More importantly, when comparing within pretext task, even with one image we are able to improve the quality of conv1–conv3 features compared to full (unsupervised) ImageNet training for GAN based self-supervision (e-i). For the other methods $(\mathrm{j}-\mathrm{n},\mathrm{o}-\mathrm{s})$ we reach and also surpass the performance for the first layer and are within $1.5%$ points for the second. Given that the best unsupervised performance for conv2 is 32.5, our method using a single source Image A (Table 2, p) is remarkably close with 31.5.
更重要的是,在同一种预训练任务中进行比较时,即便仅使用单张图像,我们基于GAN的自监督方法(e-i)也能提升conv1-conv3特征的质量,优于完整的(无监督)ImageNet训练效果。对于其他方法$(\mathrm{j}-\mathrm{n},\mathrm{o}-\mathrm{s})$,我们在第一层达到并超越了其性能,第二层差距保持在$1.5%$以内。考虑到conv2的最佳无监督性能为32.5,我们仅使用单张源图像A的方法(表2, p)以31.5的成绩极为接近该水平。
Image contents. While we surpass the GAN based approach of (Donahue et al., 2017) for both single source images, we find more nuanced results for the other two methods: For RotNet, as expected, the photographic bias cannot be extracted from a single image. Thus its performance is low with little training data and increases together with the number of images (Table 2, j-n). When comparing Image $\mathtt{A}$ and B trained networks for RotNet, we find that the photograph yields better performance than the hand drawn animal image. This indicates that the method can extract rotation information from low level image features such as patches which is at first counter intuitive. Considering that the hand-drawn image does not work well, we can assume that lighting and shadows even in small patches can indeed give important cues on the up direction which can be learned even from a single (real) image. Deep Cluster shows poor performance in conv1 which we can improve upon in the single image setting (Table 2, o-r). Naturally, the image content matters: a trivial image without any image gradient (e.g. picture of a white wall) would not provide enough signal for any method.

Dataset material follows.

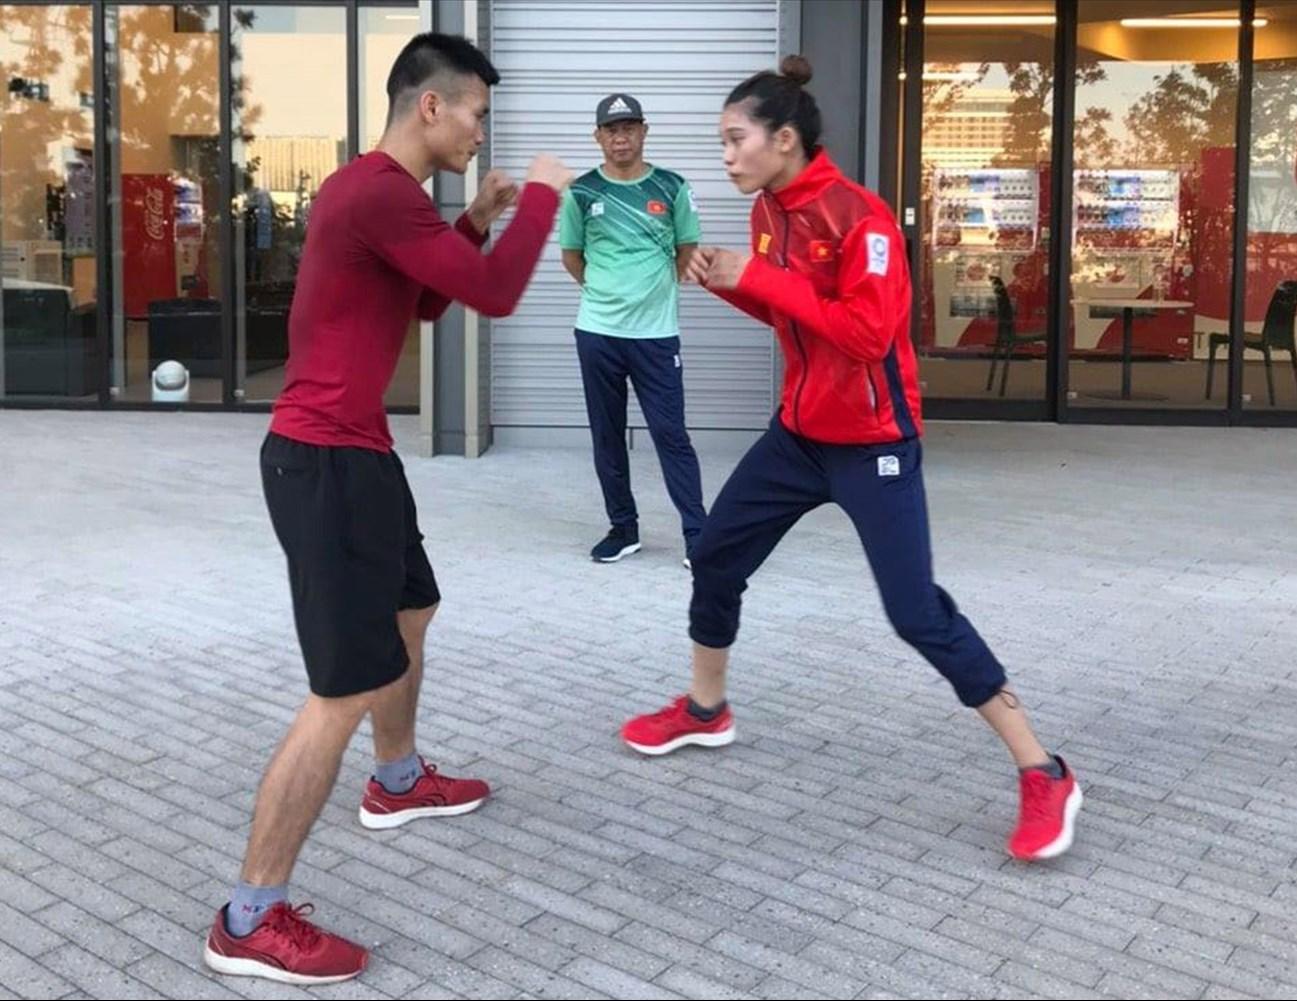 Các vận động viên Boxing tranh thủ tập ngay ngoài trời
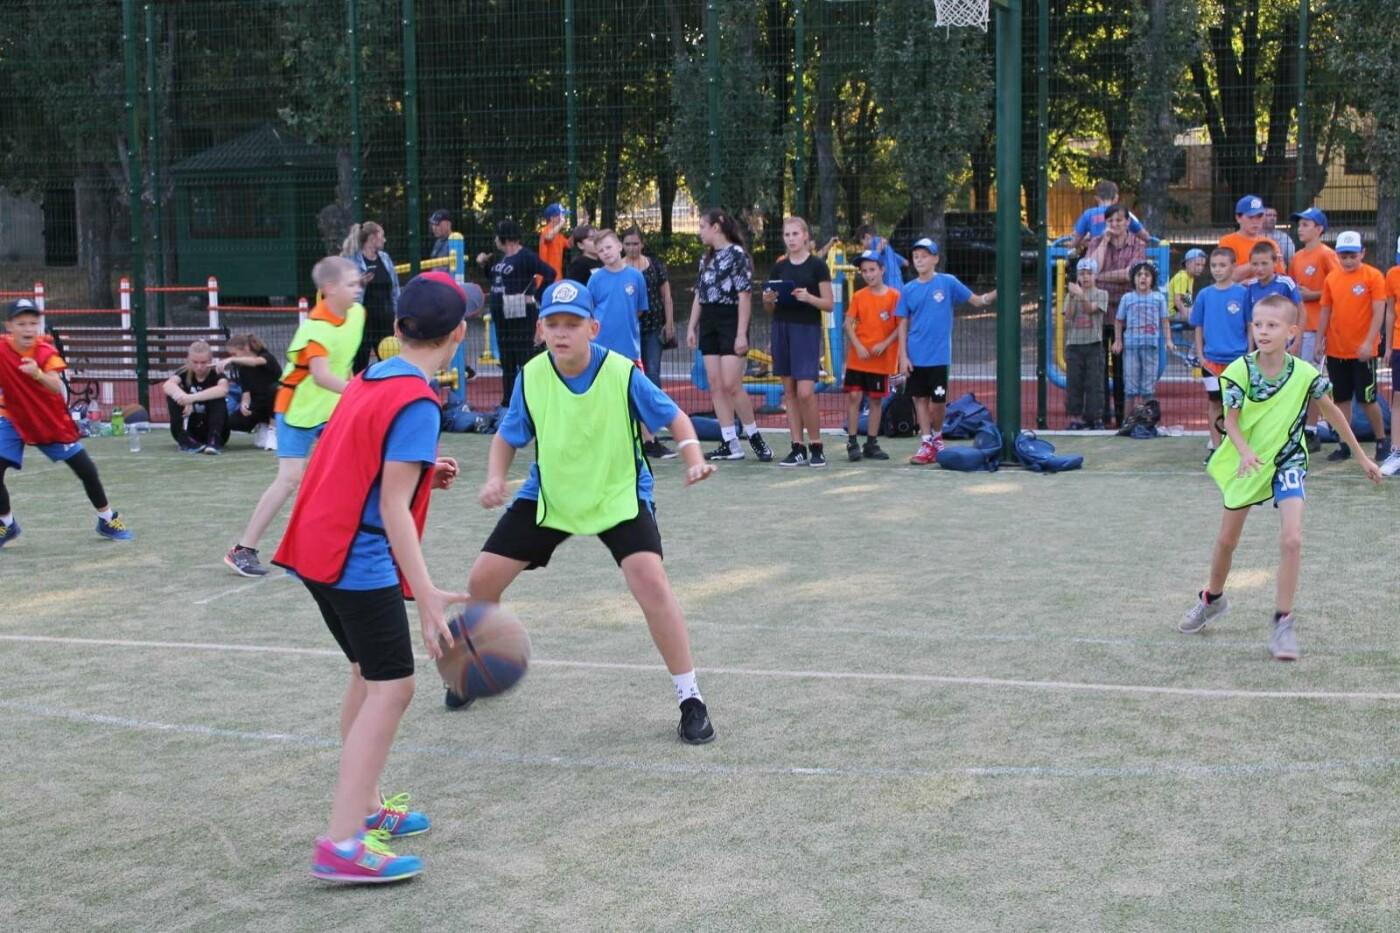 Турнир в День города: в Лозовой больше ста баскетболистов сыграли в стритбол, фото-2

To better understand this issue, we also train Deep Cluster on the much less cluttered Image C to analyze how much the image influences our claims. We find that even though this image contains large parts of sky and sea, the performance is only slightly lower than that of Image A. This finding indicates that the augmentations can even compensate for large untextured areas and the exact choice of image is not critical.
图像内容。虽然在单源图像上我们超越了(Donahue et al., 2017)基于GAN的方法,但其他两种方法的结果更为微妙:对于RotNet,正如预期,无法从单张图像中提取摄影偏差。因此其性能在训练数据较少时表现不佳,并随着图像数量增加而提升(表2,j-n)。当比较使用图像$\mathtt{A}$和B训练的RotNet网络时,我们发现照片比手绘动物图像表现更好。这表明该方法可以从低层次图像特征(如图像块)中提取旋转信息,这起初是反直觉的。考虑到手绘图像效果不佳,我们可以假设即使是小块区域的光照和阴影也能提供关于上方方向的重要线索,这些线索甚至可以从单张(真实)图像中学习到。Deep Cluster在conv1层表现较差,但我们在单图像设置中改进了这一情况(表2,o-r)。自然,图像内容至关重要:没有任何图像梯度的平凡图像(例如白墙照片)无法为任何方法提供足够信号。为了更好地理解这个问题,我们还在更简洁的图像C上训练Deep Cluster,以分析图像对我们结论的影响程度。我们发现即使该图像包含大面积的天空和海洋,其性能仅略低于图像A。这一发现表明数据增强甚至可以补偿大面积无纹理区域,图像的具体选择并不关键。

Figure 2: conv1 filters trained using a single image. The 96 learned $(3\times11\times11)$ filters for the first layer of AlexNet are shown for each single training image and method along with their linear classifier performance. For visualization, each filter is normalized to be in the range of $(-1,1)$ .
图 2: 使用单张图像训练的conv1滤波器。展示了AlexNet第一层针对每张训练图像和方法学习的96个$(3\times11\times11)$滤波器及其线性分类器性能。为便于可视化,每个滤波器被归一化至$(-1,1)$范围。
More than one image. While BiGAN fails to converge for $N{\in}{10,1000}$ , most likely due to issues in learning from a distribution which is neither whole images nor only patches, we find that both RotNet and Deep Cluster improve their performance in deeper layers when increasing the number of training images. However, for conv1 and conv2, a single image is enough. In deeper layers, Deep Cluster seems to require large amounts of source images to yield the reported results as the deka- and kilo- variants start improving over the single image case (Table 2, o-t). This need for data also explains the gap between the two input images which have different resolutions. Summarizing Table 2, we can conclude that learning conv1, conv2 and for the most part conv3 (33.4 vs. 39.4) on over 1M images does not yield a significant performance increase over using one single training image — a highly unexpected result.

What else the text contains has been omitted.